Our top ten for 2011

As 2011 draws to a close we thought we’d share with you our top ten most popular blog stories from the year. If you’re new to the blog, get a feel for the things we talk about; and if you’re a regular blog-reader, remind yourself of what we’ve been talking about this year.

And if there’s anything you’d like to see more of or any questions you’d like answered on the blog – let us know.

10. Know your grid references – for those of you who aren’t sure of how to take a grid reference – here’s a step by step guide.

9. All of a Twitter about mapping – a two week period of tweeting by our surveyors gave you a flavour of the work they do every day.

8. Mapping applications for your phone – location based applications are big business in the Smartphone market and none more so than apps using Ordnance Survey data.

7. The difference between UK, Britain and the British Isles – one of the most common mistakes people make when talking about geography in this country is to confuse the UK with Great Britain or the British Isles – a cardinal sin in the eyes of any true geographer!

6. Visualising geodata – bringing maps to life – a map brings information to life in a way far better than any spreadsheet or database could.

5. Maps for the colour blind now a reality – about the work Ordnance Survey was doing looking into maps for people with colour blindness, or Colour Vision Deficiency (CVD) as it’s more accurately known.
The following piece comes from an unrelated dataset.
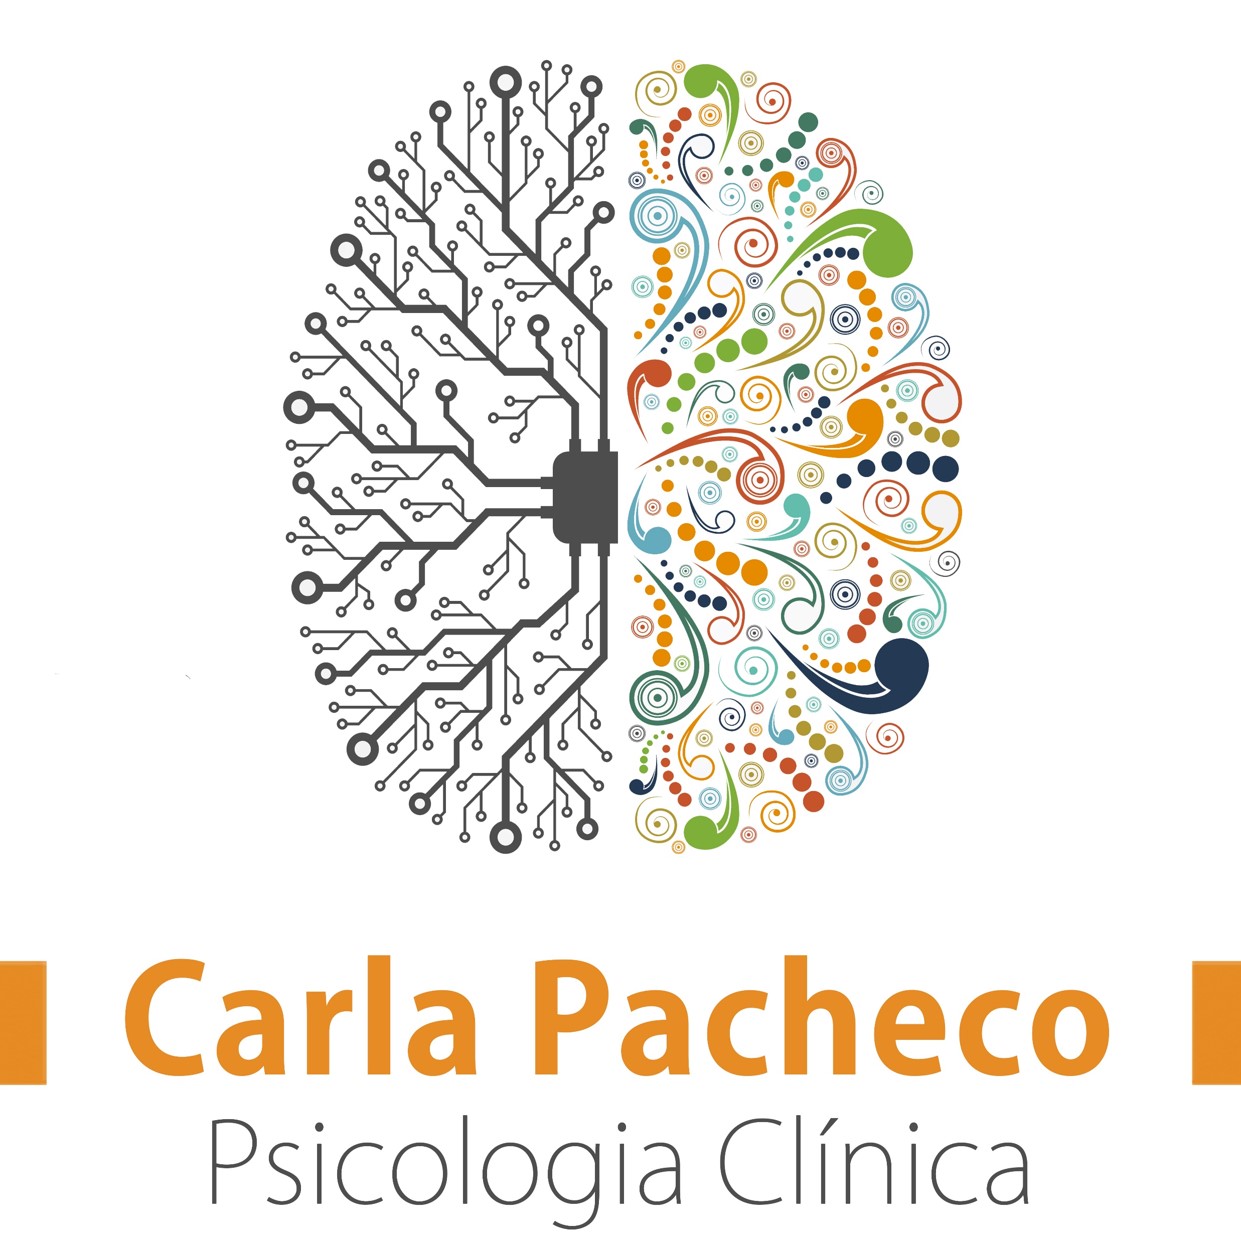 Logo Carla Pacheco small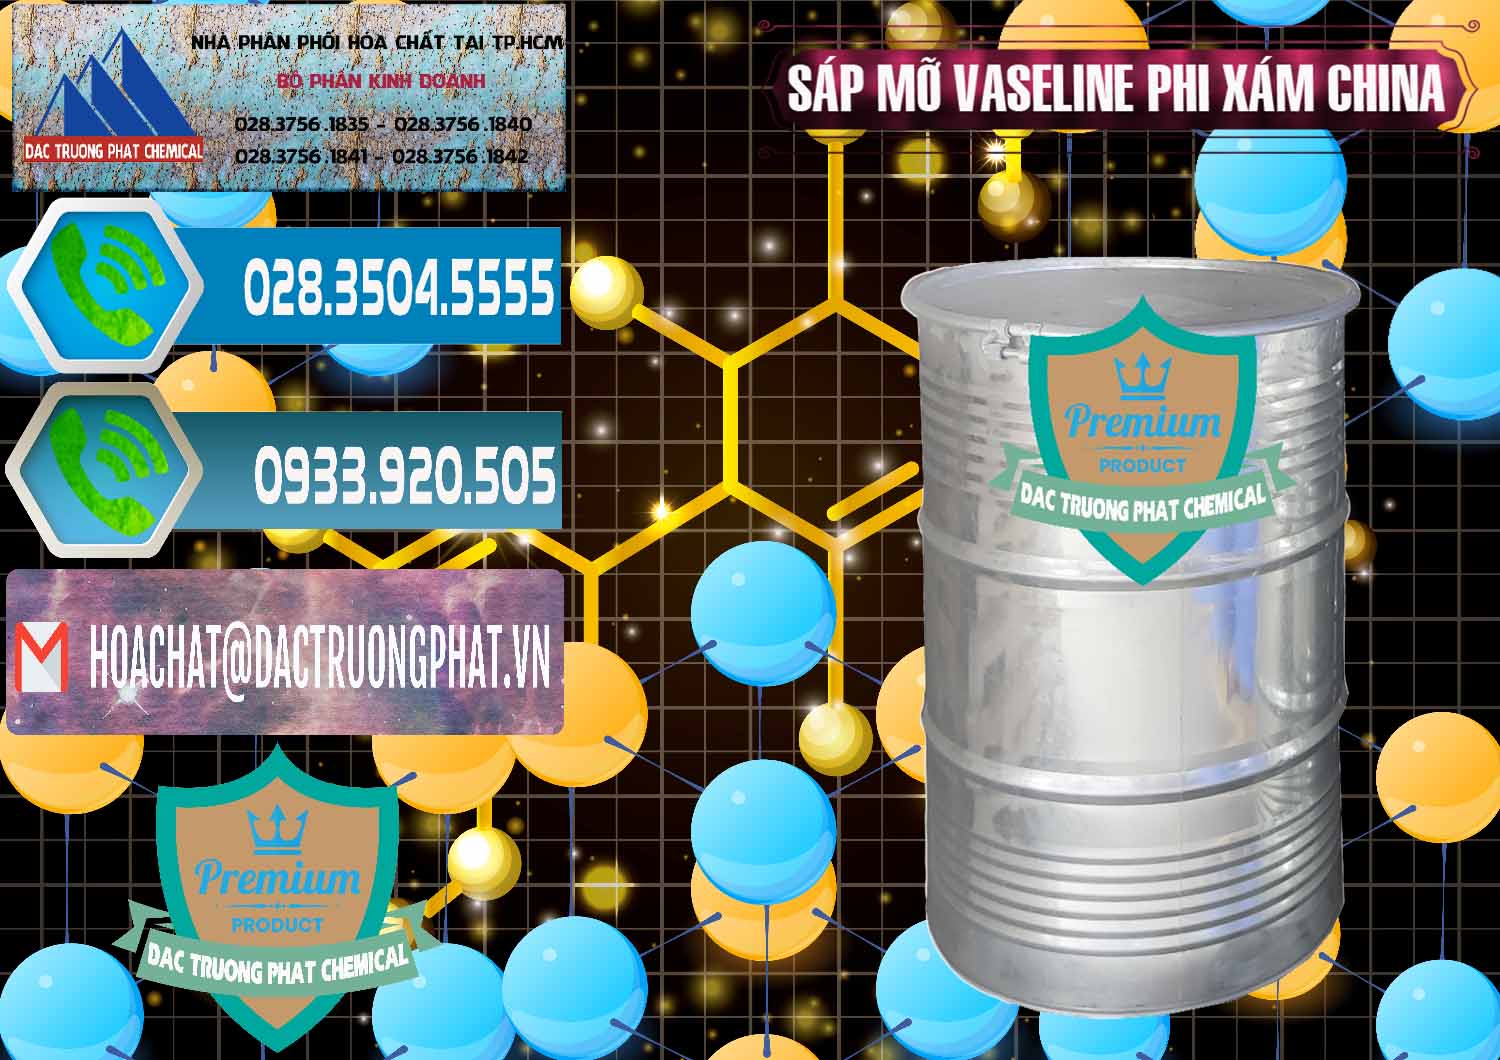 Nơi chuyên cung cấp - bán Sáp Mỡ Vaseline Phi Xám Trung Quốc China - 0291 - Chuyên phân phối - cung cấp hóa chất tại TP.HCM - congtyhoachat.net

4. Do you know your map symbols? – a great and fun way to brush up on your map reading skills.

3. Route of the week: Storey Arms, Pen-Y-Fan and a ridge walk – hands down our most popular walk this year. Try it out next time you’re in the Brecon Beacons.

2. The great swapathon – part of the Change 4 Life programme, the Great Swapathon is all about helping you make small changes in your life that will make a difference.

1. Changes to the OS OpenData licence – early this year users of OS OpenData heard that we incorporated the Open Government Licence, the new government wide licence, developed by The National Archives, which enables easy access to public sector information.